И молодой человек, с которым она встретилась в Старом Месте по наводке Гакста, её не разочаровал. Звали его Марк Хант, но ведьма сразу же решила, что это не настоящее имя; представился он, как купец, торгующий с Европейскими королевствами, но и это, подумалось Барр, была ложь. В то время, как он рассыпался перед нею, не скупясь на комплименты и не забывая ласкать её взглядом тёмно-карих и довольно красивых глаз, Барр рассматривала и оценивала его. Смазливый – не отнять. Должен очень нравиться молоденьким дурочкам, которые ещё не умеют отличить истинных интереса и внимания от пустой навязчивости, и отвыкшим от мужского внимания курицам за тридцать, офигевающим от его ласковой вкрадчивости.

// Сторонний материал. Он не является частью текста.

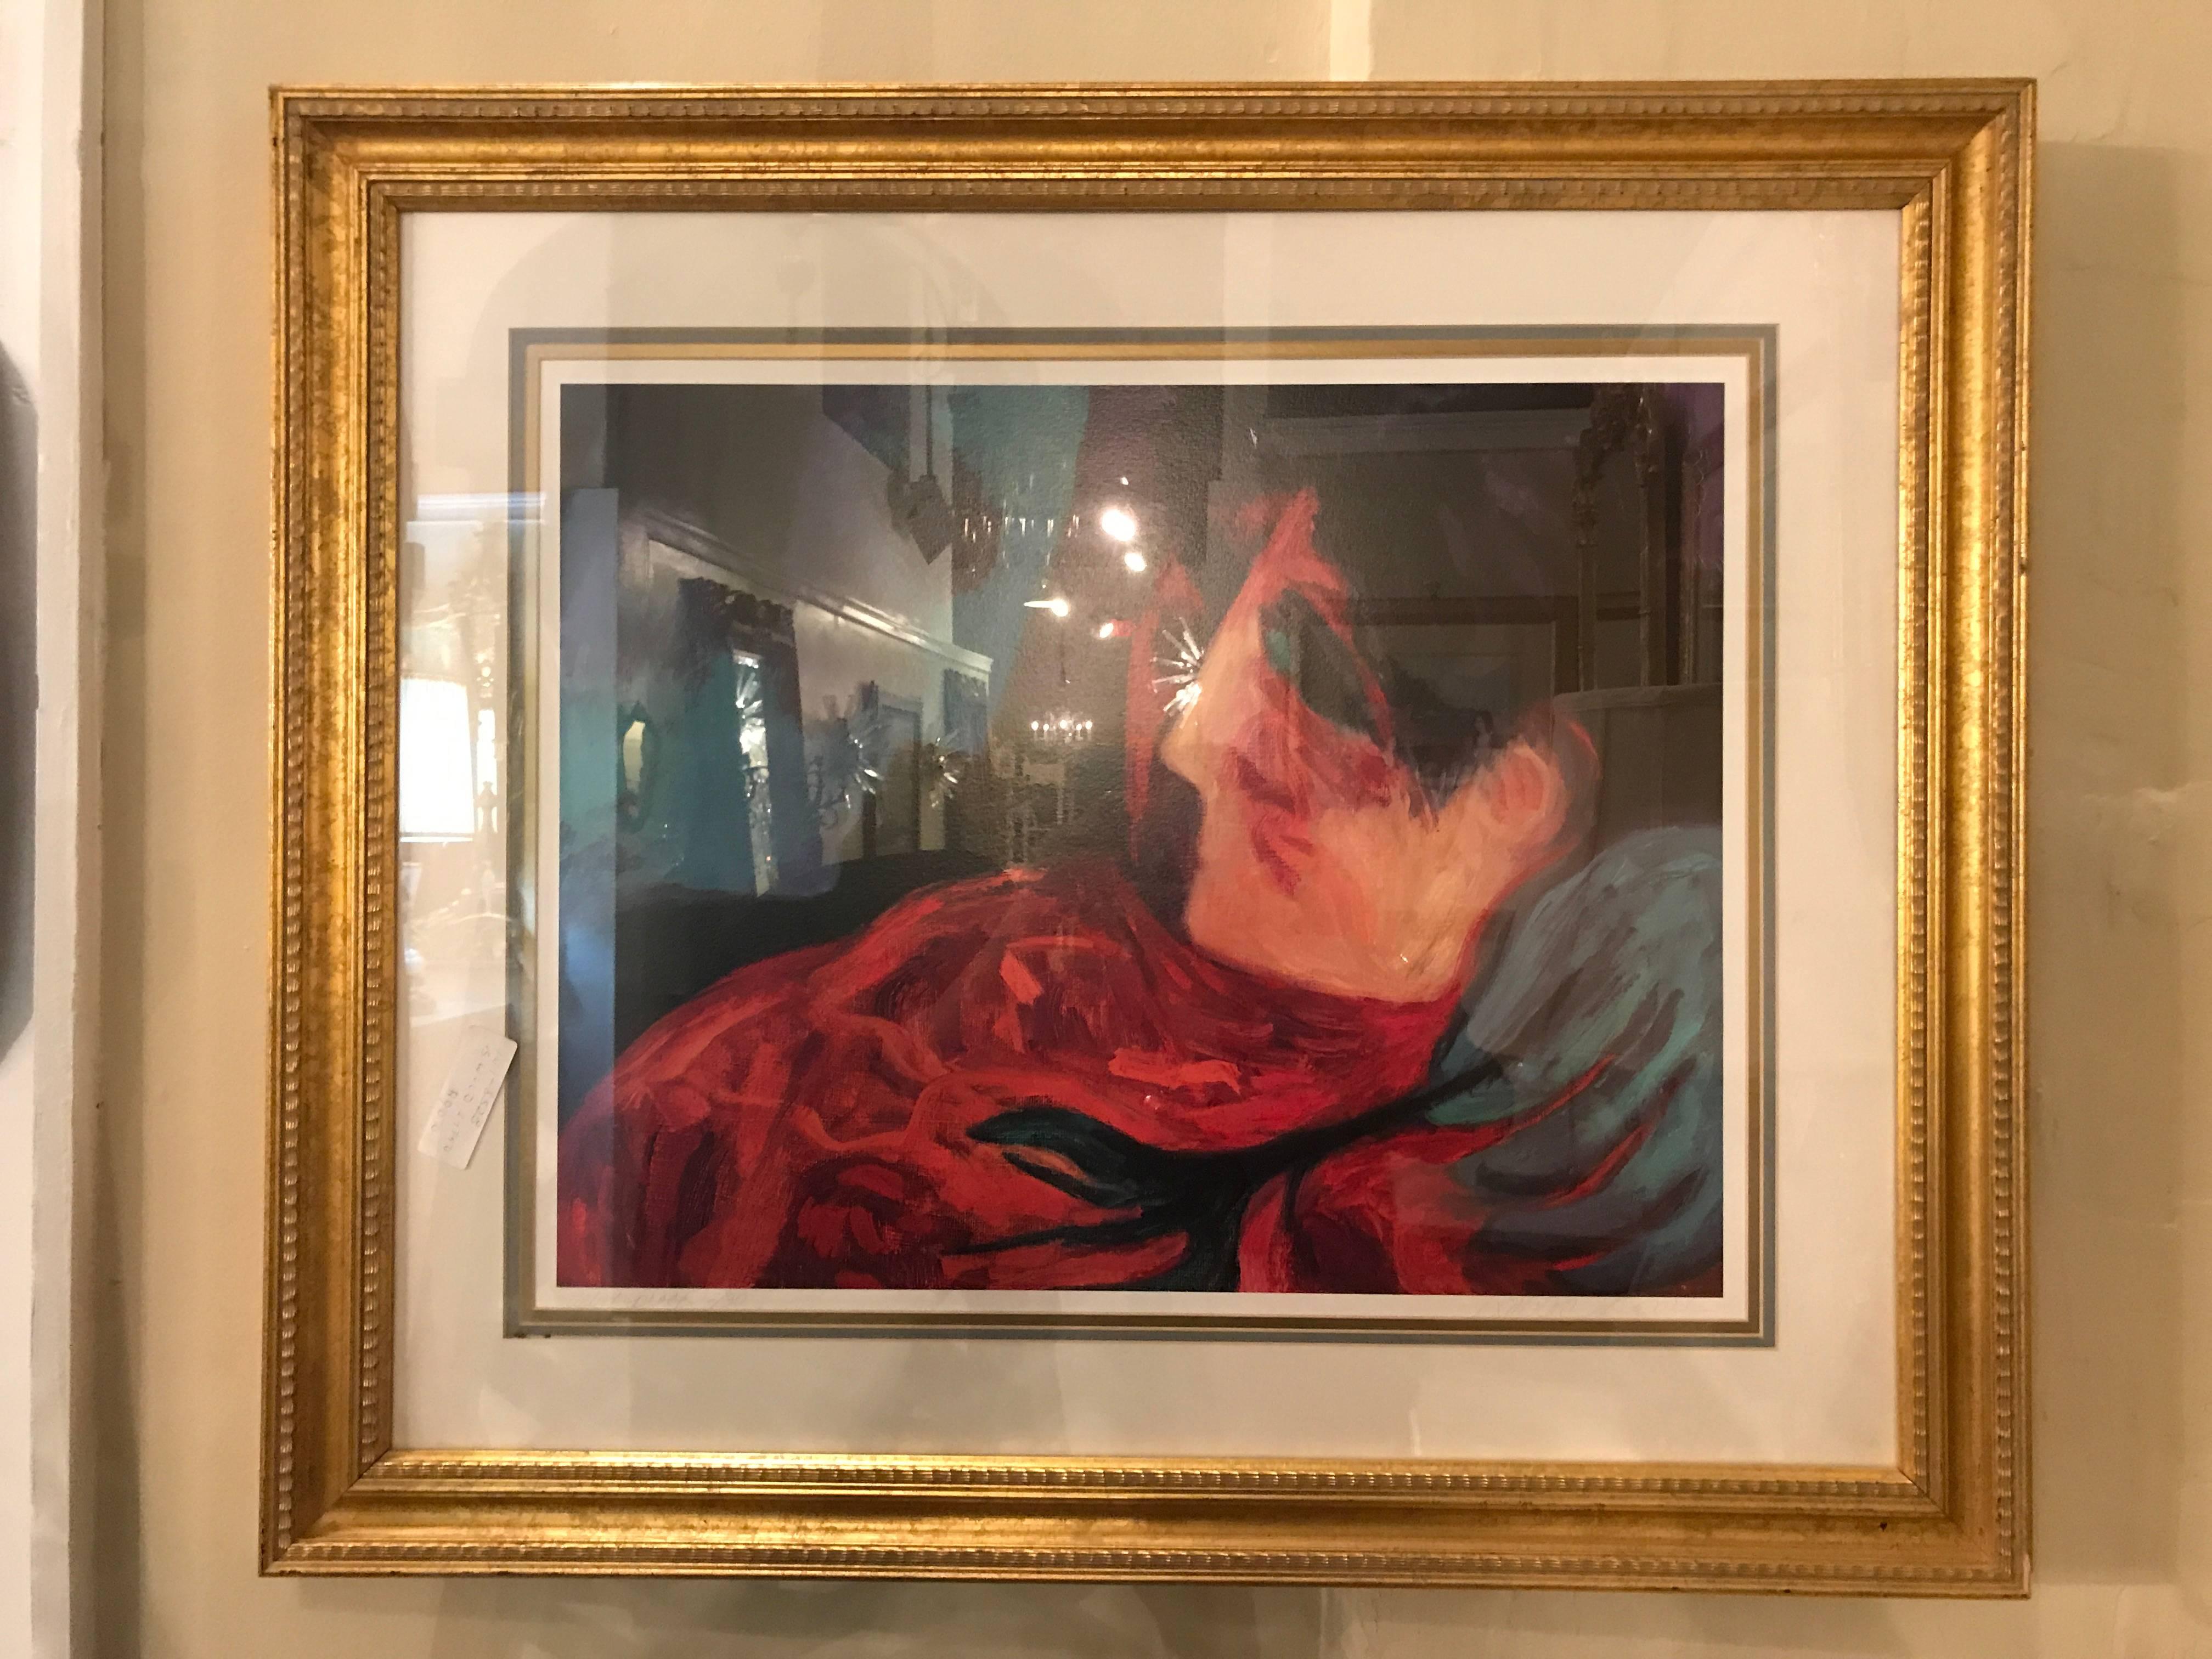 Barbara Wood desert flower framed lithograph. Signed numbered and matted in a gilt gold frame.

Barbara A. Wood is an artist who communicates with the viewer. Fascinated by color, her canvases display an extremely individualistic, figurative

Невысокий, стройный, с хорошей фигурой, но с маленькими ручками и ногами – не мужскими какими-то, – приятным лицом с правильными чертами, красивым чувственным ртом и белозубой улыбкой, которая невольно притягивала взгляд. С модной короткой чёрной бородкой, очень ухоженной, как, впрочем, и весь он, от головы до пят. Было в его ласковой приветливости что-то заезженное, профессиональное, из-за чего Барр решила, что он или профессиональный содержанец у богатых старух, или сутенёр и сводник… А может, и то, и другое.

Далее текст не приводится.